I don't think that is what he is saying. I think the key sentence is the first one, not the last in the quote: the courts should let those who want to market new technologies carry the burden of persuasion that a new exception to the broad rights enacted by Congress should be established.

In other words, the burden rests with the one exploiting a new technology that invades someone's copyright. He is not saying that the burden of legality rests on the new entrant, just that the burden is there when it requires an exception to someone else's already-legislated rights.


Not really. We have a common law system in the US, which is presumed to be flexible. If you want the kind of legal system where nothing exists unless it's spelled out, then you'd be happier living under a civil law system, such as that found in , say, France, or in most Latin American countries. In a common law system, you shouldn't necessarily need to rewrite the law for every new thing that comes down the pipe; in other words, just because you have a new technical way of sharing content, you're not exempted from the moral obligation not to do so without permission (as spelled out in existing law).

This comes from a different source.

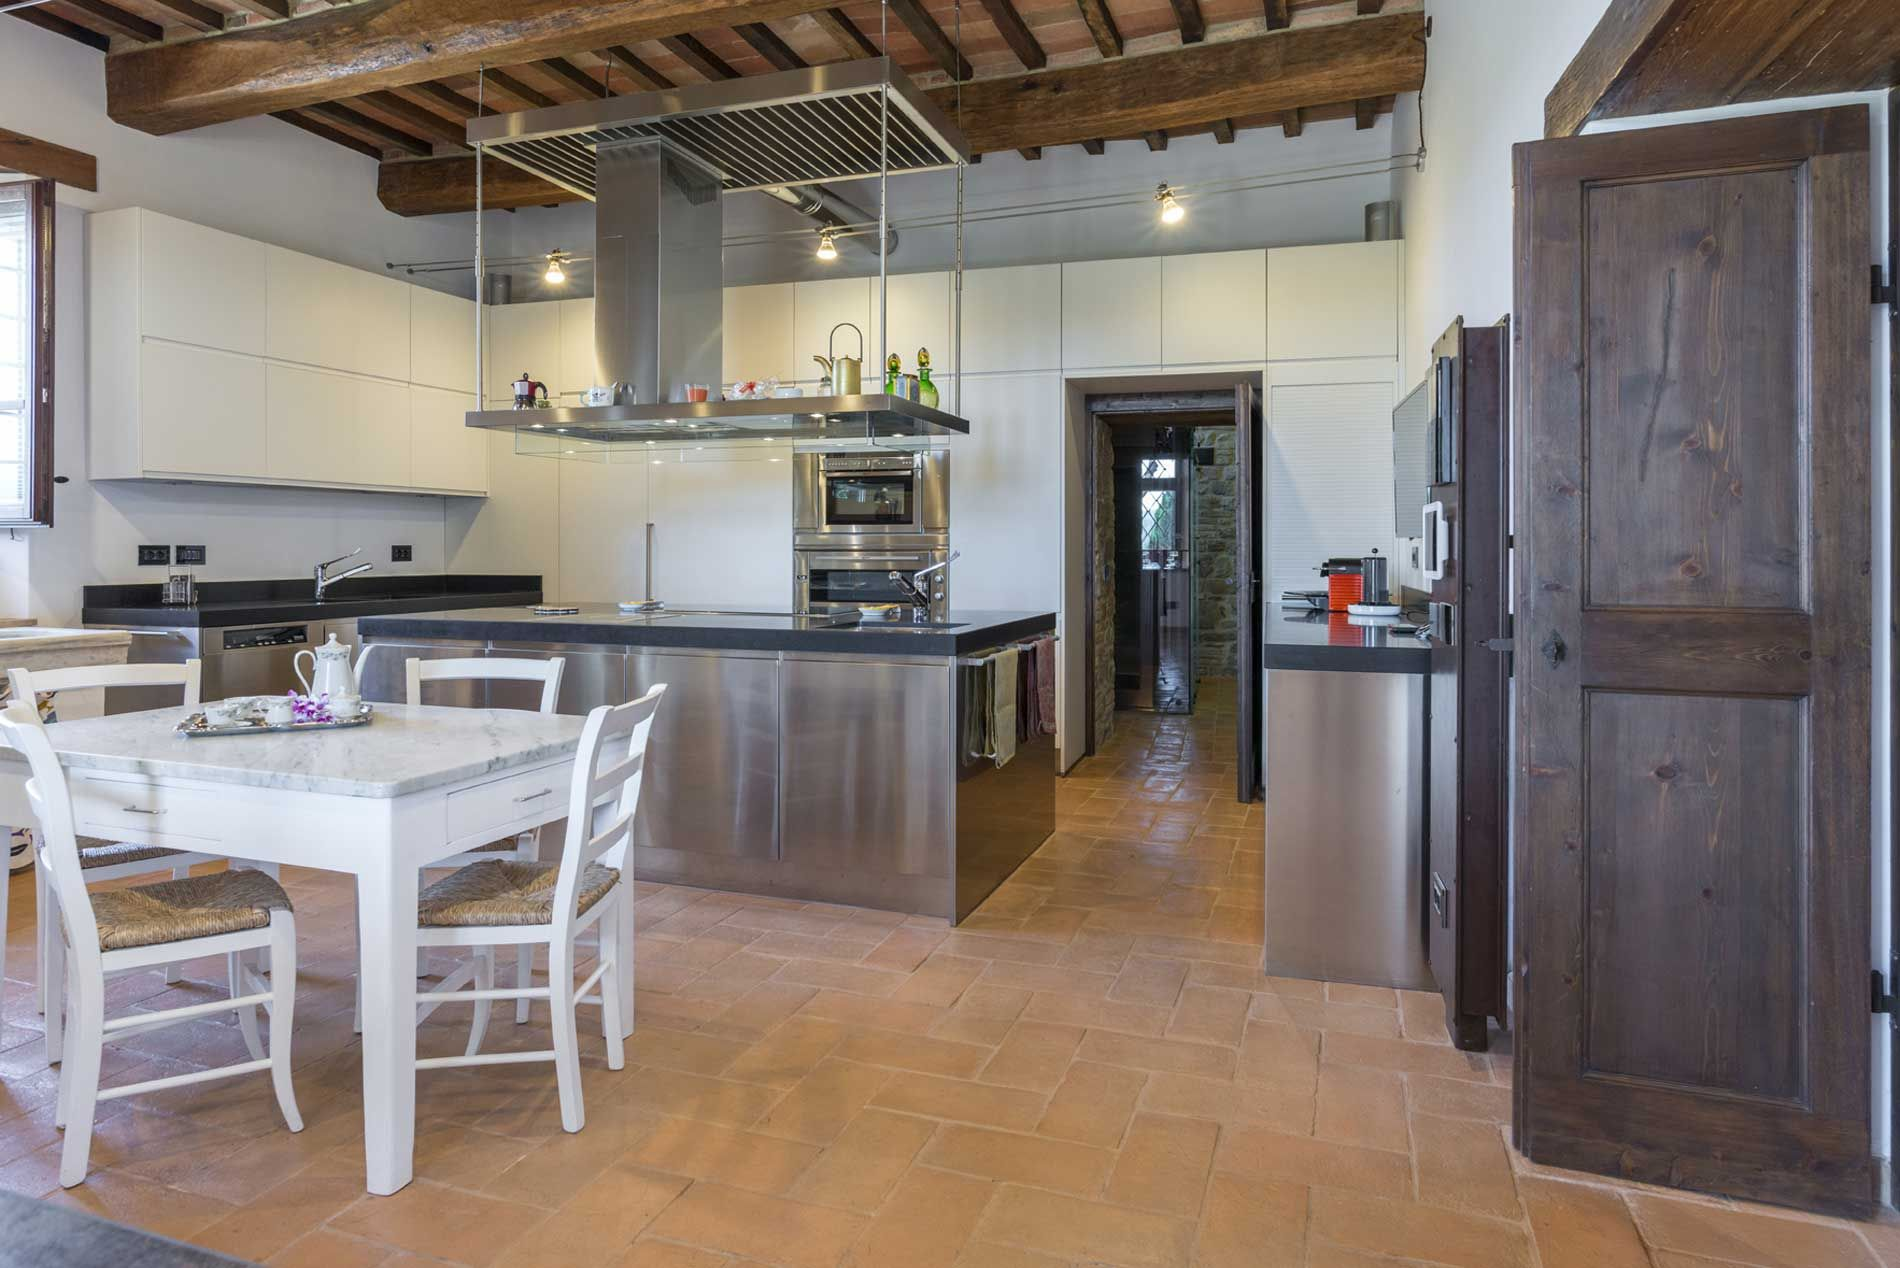 #interiordesign #home #cottofattoamano #madeinitaly #handmade #fornace #arredamento #homedesign

Now most objections to the copyright regime, including my own, are with the spirit of the law. I don't think it's right that copyright protection should extend to a work for an entire lifetime after the death of the author, or for longer than the typical human lifespan. Nor do I think it should be extendable retroactively. I'd prefer to see copyright terms similar to patent ones, of 20 or 30 years. That requires making pretty low-level changes in the law, which is a difficult and tedious process involving a great deal of opposition - which sucks. On the other hand, I don't think it'as acceptable to a) infringe freely because you think it's the morally superior course - whether you agree or not, people who choose to rely on the law as it is currently written to manage their assets are entitled to do so, or b) try to circumvent the spirit of the law by reaching for ever-more obscure technicalities - 'the law doesn't explicitly prohibit laser-light transmission through water, so if I spray my DVDs before ripping them I'm not breaking the law!'

Of course, this makes for a more restrictive world in the legal sense, because it's not that easy to get laws changed when there are powerful economic interests aligned against one. However, subversion of the law by technical means is basically trickery, and my experience is that that either leads to harsher laws or ends in absurdities. We've seen what happens with harsher laws - because of indifference and intransigence on the part of the internet community, we've ended up with monstrosities such as the DMCA, with its wildly excessive penalties for sharing media, which are designed to offset the low probability of enforcement (employing an economic concept known as an indifference curve, which has a sound theoretical foundation but depends on people being rational utility maximizers...which they're not, most of the time). As for absurdity, you get things like eruvs, in which Jewish Rabbis get around ancient religious prohibitions on activity during the Sabbath by redefining the entire local neighborhood as a single dwelling place, which involves setting up a corporation to own a loaf of bread and paying people to walk around once a week to ensure that all bridges and other infrastructure are still standing (see http://www.jweekly.com/article/full/28452/wire-to-wire/ for a full explanation).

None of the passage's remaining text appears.